I have a string that looks like below, and I have to remove everything between the first bracket and the last bracket. All bets are off, on what's in between (regarding other brackets). What would be the best aproach, thanks.

'[

        { "foo":
            {"bar":"foo",
                "bar": {
                    ["foo":"bar", "foo":"bar"]
                }
            }
        }

    ],

"foo":"bar","foo":"bar"'

result:

  ',

    "foo":"bar","foo":"bar"'

Your example data doesn't seem to be valid JSON. Was it supposed to be? The deviations are :- The inner most array is using pairs, so it should be an object.. AND The outermost scope seems to be a list, but it contains [] and pairs "":"" .. so it's not an object body or array body. -- is this the way you intended it? — Nigel Thorne
– Nigel Thorne, Commented Nov 23, 2011 at 21:50

mu is too short · Accepted Answer · 2011-10-07 19:00:27Z

1

If your data really does look like that and you don't have an brackets in the bit at the end then:

s.gsub(/\[.*\]/m, '')

If you want to be a little more paranoid, then you can look for ], followed by an end-of-line:

s.gsub(/\[.*\],$/m, ',')

Hard to say any more than that without a specification of your data format.

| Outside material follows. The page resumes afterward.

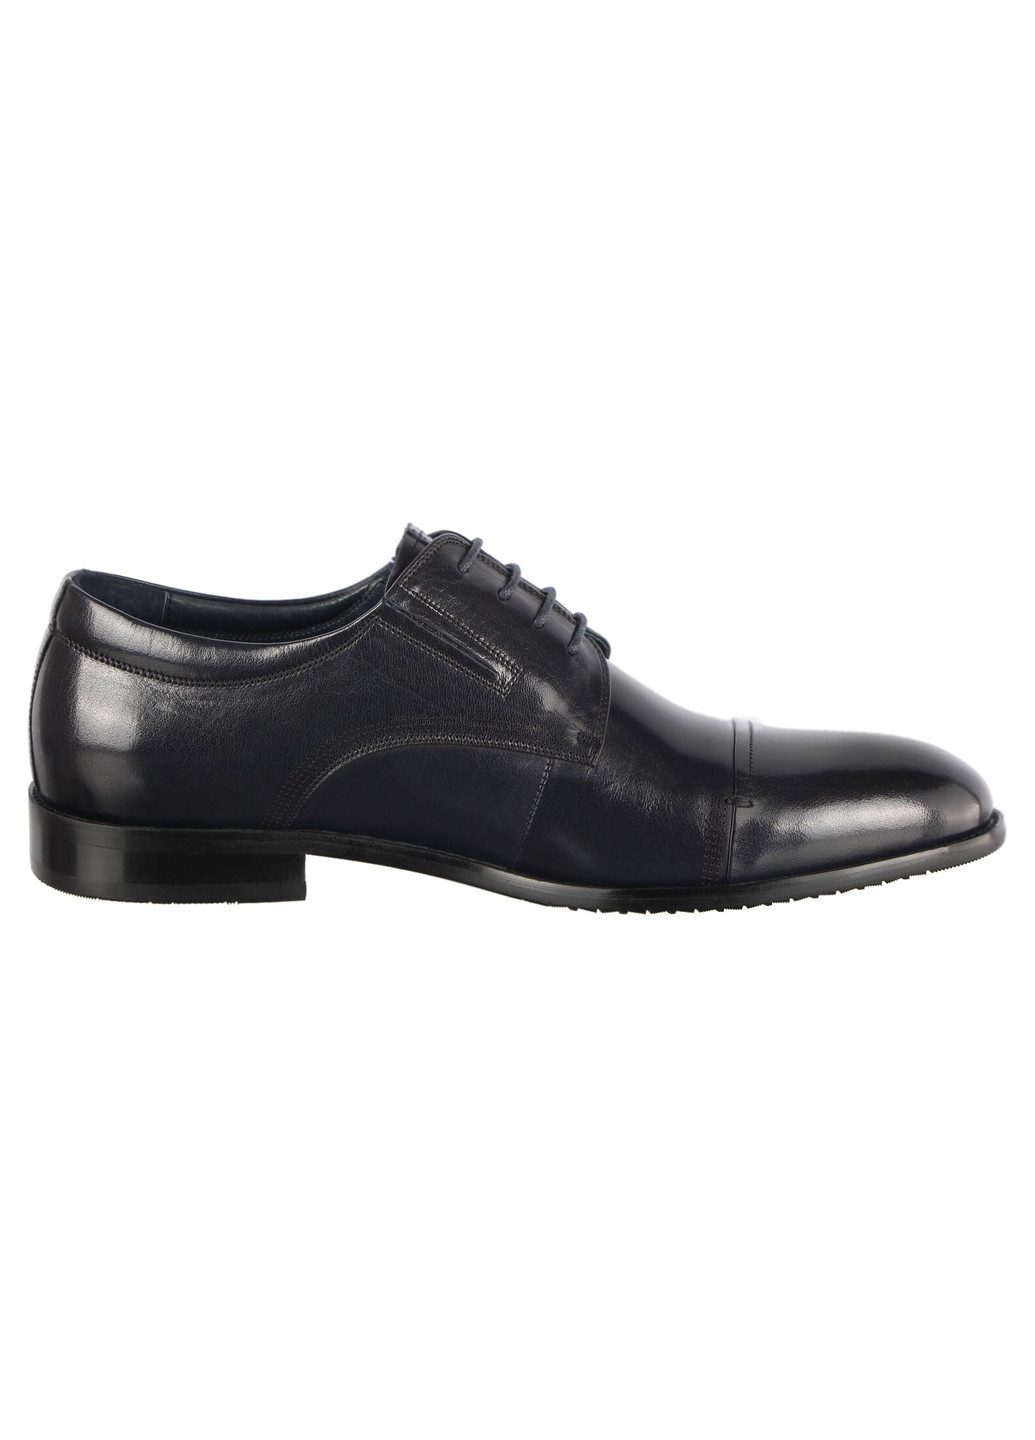 Черные мужские классические туфли 196352 Cosottinni на шнурках
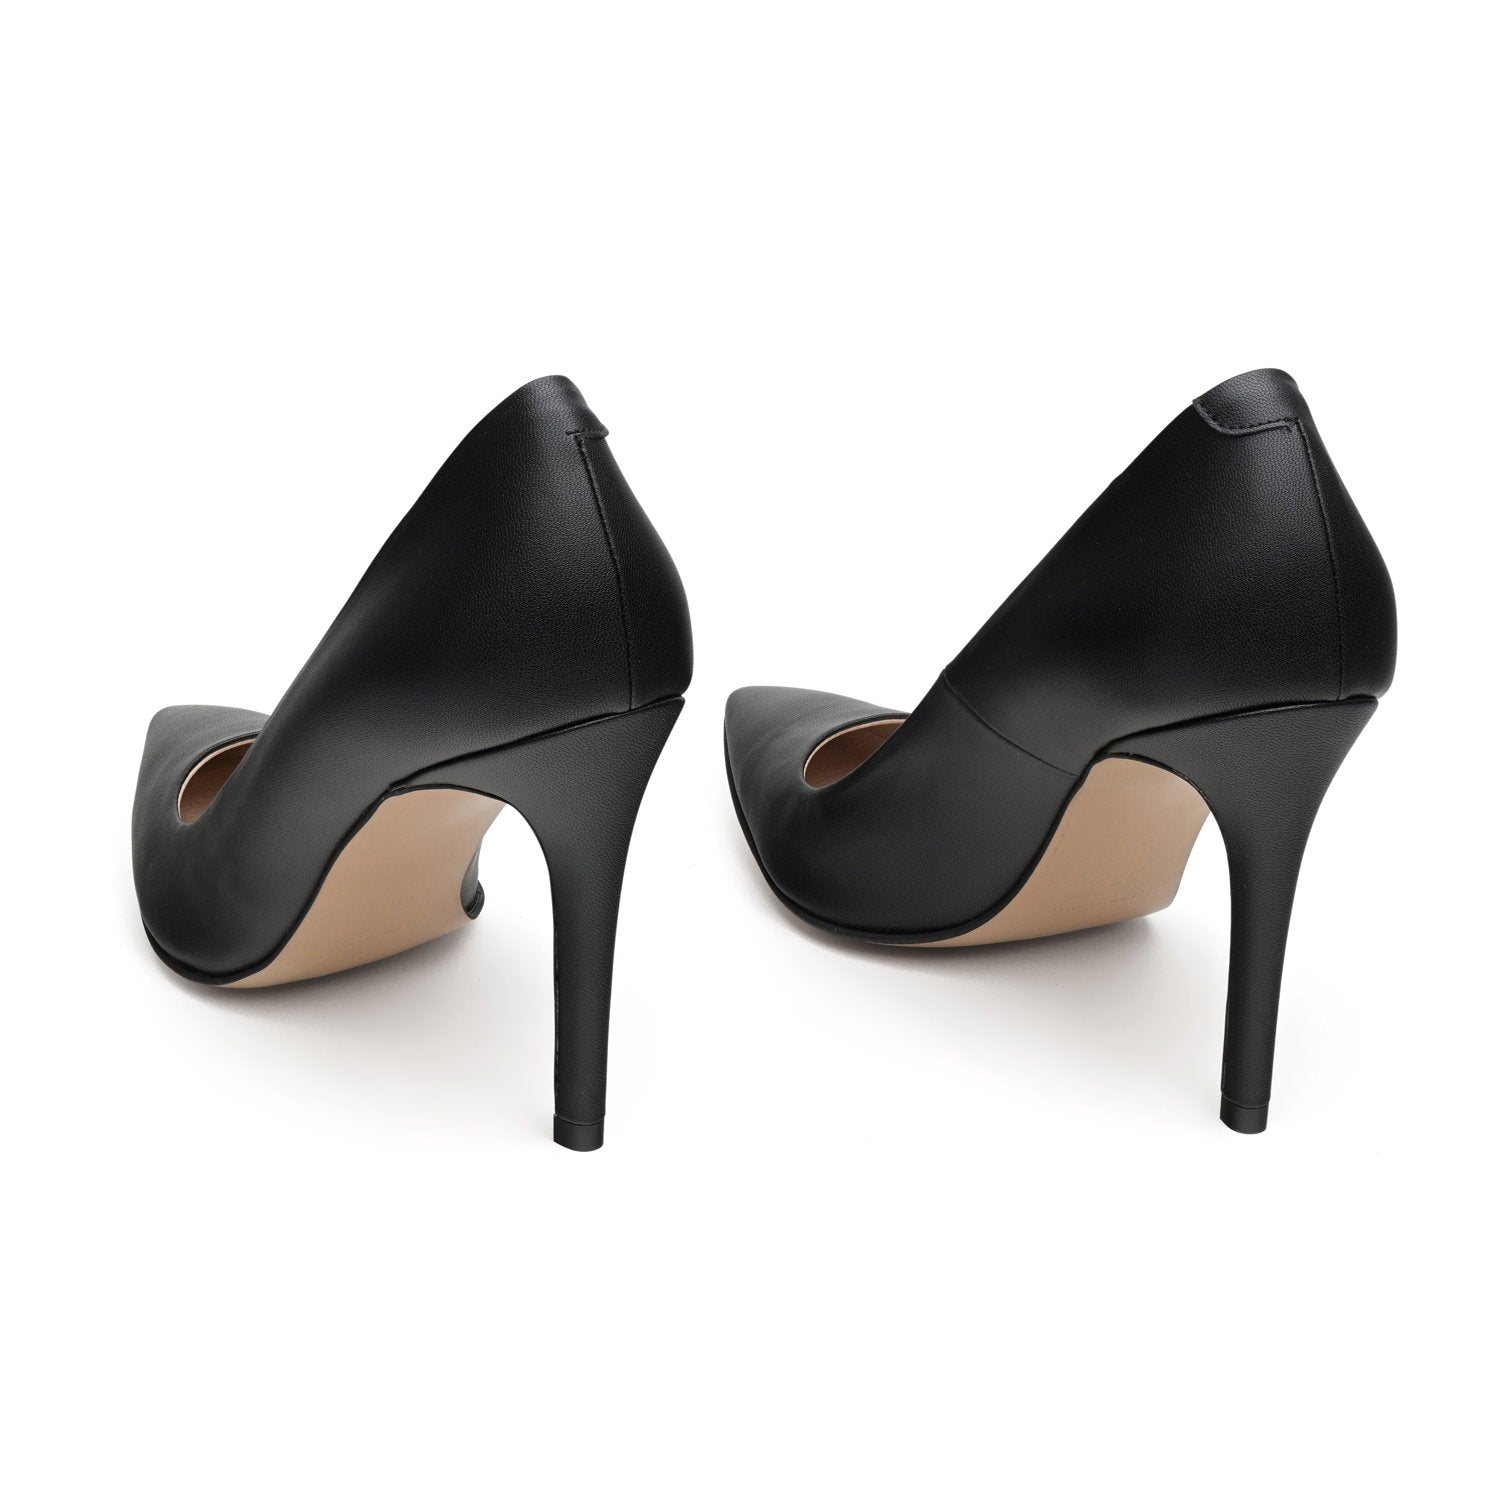 The Black - vegan 100mm heels

answered Oct 7, 2011 at 19:00

mu is too short

436k71 gold badges863 silver badges822 bronze badges

Sign up to request clarification or add additional context in comments.

6 Comments

dt1000 Over a year ago

Darn, good observation, actually the bit at the end MAY have brackets. I have to find the corresponding close-bracket for the first open-bracket, and remove what's in between. Incidentally, this is json, but I can't treat it like a hash because the order matters. Total pain. So, this almost works, but what if i have brackets at the end? Thanks!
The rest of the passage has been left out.